Segretario Gramolati, cominciamo dalla politica. E' andato a votare domenica scorsa?
«Certo che sì».

E come le sembra il risultato?
«Siamo tornati ai tempi in cui tutti hanno vinto. Non tocca a me fare polemica politica, ma vorrei dire che fra i perdenti c'è di sicuro la partecipazione, e non mi pare che questa sia una buona notizia».

Come sono cambiati i rapporti fra le istituzioni e le organizzazioni sindacali? Cosa significa oggi la parola concertazione?
«Il rapporto è cambiato strutturalmente e non credo che tornerà più come prima. Per fare concertazione serve una sintonia di fondo, la condivisione di un progetto, di una visione. Servono i presupposti, ad esempio una politica dei redditi».

La crisi economica ha cambiato molte cose, non solo a Firenze e in Toscana.
«Vero, ma voglio dare lo stesso alcuni numeri che fotografano il nostro territorio: dal 2009 al 2013 l'inflazione è cresciuta del 7,1%, mentre il reddito netto dei lavoratori del privato è aumentato del 5,24, del 3% nel pubblico e del 5,4% per i pensionati, mentre il carico fiscale è salito del 12%. Se ci sentiamo tutti un po' più poveri un motivo c'è».

Il fatto che questa sia la patria di Renzi ha influito sul desti no dei rapporti sindacali?
«Credo di no. Quello che è accaduto e che sta accadendo è a prescindere Renzi».

Qual è il maggior cambiamento del territorio che sta condizionando l'economia?
«Le banche, che rappresentano un cambiamento epocale. Non ce n'è più una che abbia qua il centro decisionale. Mentre è cresciuta la raccolta del risparmio dei nostri concittadini, sono diminuiti gli impieghi e gli investimenti. Chi ne ha fatto le spese sono le piccole imprese, di solito poco capitalizzate che avevano un rapporto privilegiato con le banche del territorio. Chi ha favorito questo? Multinazionali e cooperative».

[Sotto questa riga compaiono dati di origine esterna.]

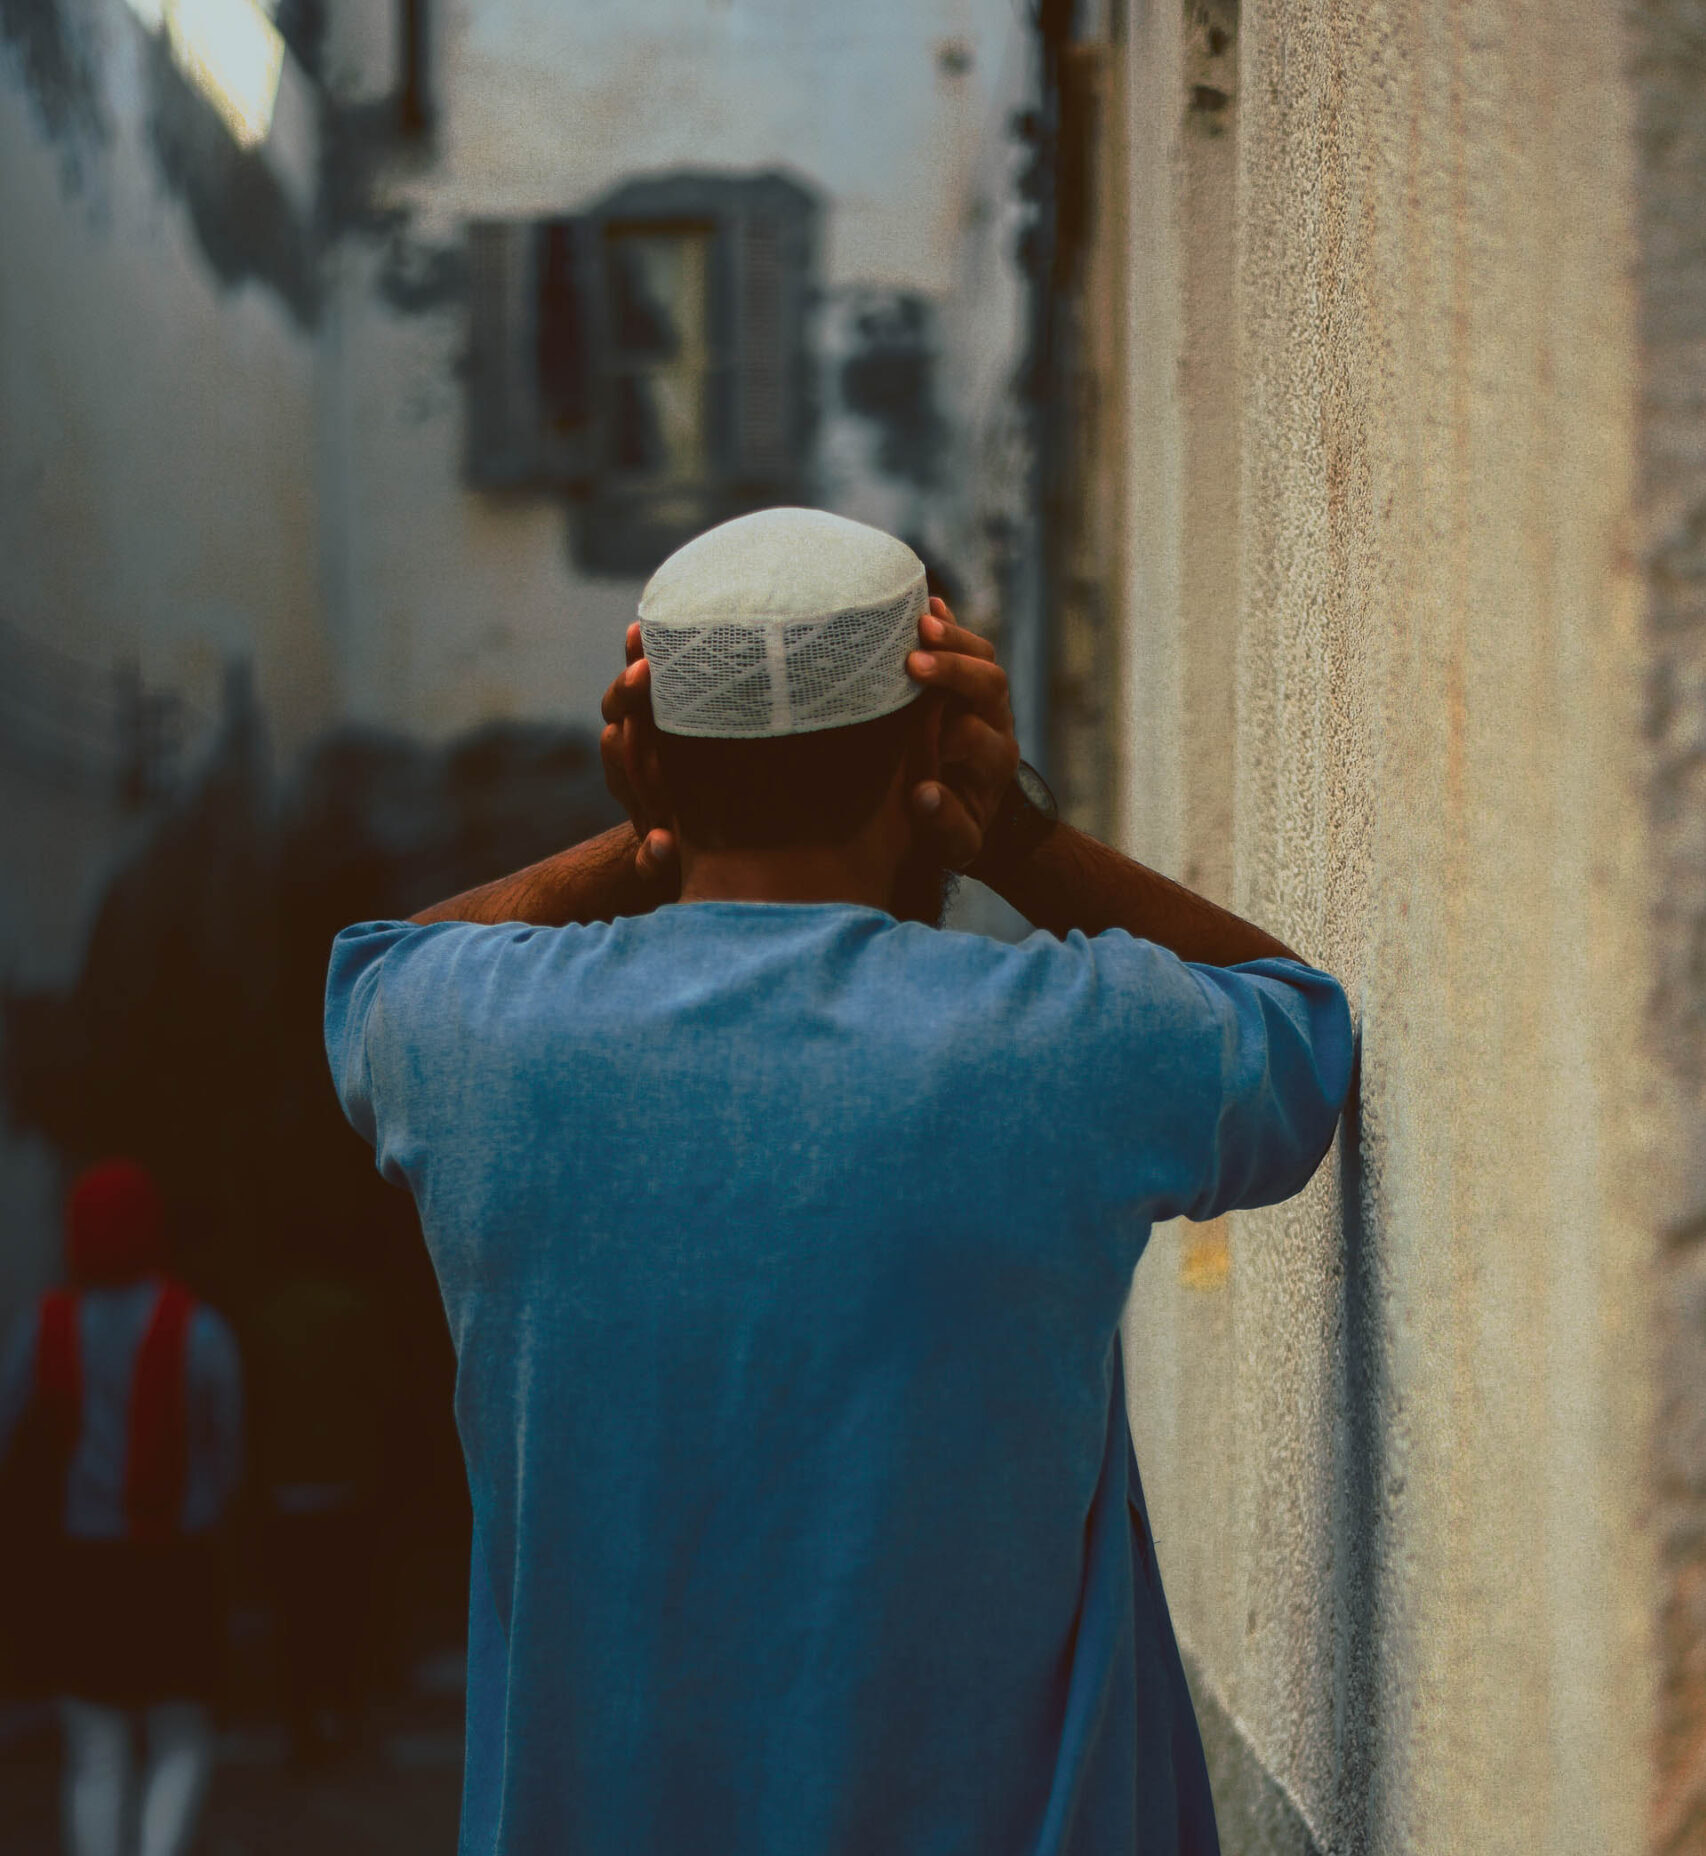 A Libyan male cover his ears wearing a white hat and blue shirt

A proposito di multinazionali. C'è un bel dialogo con loro da parte delle istituzioni.
«Non c'è niente di male, anzi. Hanno fatto bene Nardella e Rossi a costituire quel gruppo di lavoro con loro. Sarebbe sbagliato non costruire relazioni con questo mondo. Tenendo conto però di quanto dice la Comunità Europea, e non Alessio Gramolati: "le multinazionali sono infedeli al territorio ". Questo per dire alle istituzioni che serve anche altro».

Massimo Messeri, presidente di Nuovo Pignone sta per diventare presidente di Confindustria Firenze. Se non sbaglio è un suo vecchio conoscente.
«Sì, e il fatto che personaggi come lui si impegnino nella vita associativa è positivo. Messeri è persona di indubbia capacità professionale, con una forte propensione sistemica e con un notevole grado di autonomia».

Che Cgil lascia al suo successore?
«Con più iscritti di quando ho iniziato il mandato: siamo a 509mila in Toscana. Con i conti in ordine e con grande trasparenza, visto che facciamo certificare i nostri bilanci».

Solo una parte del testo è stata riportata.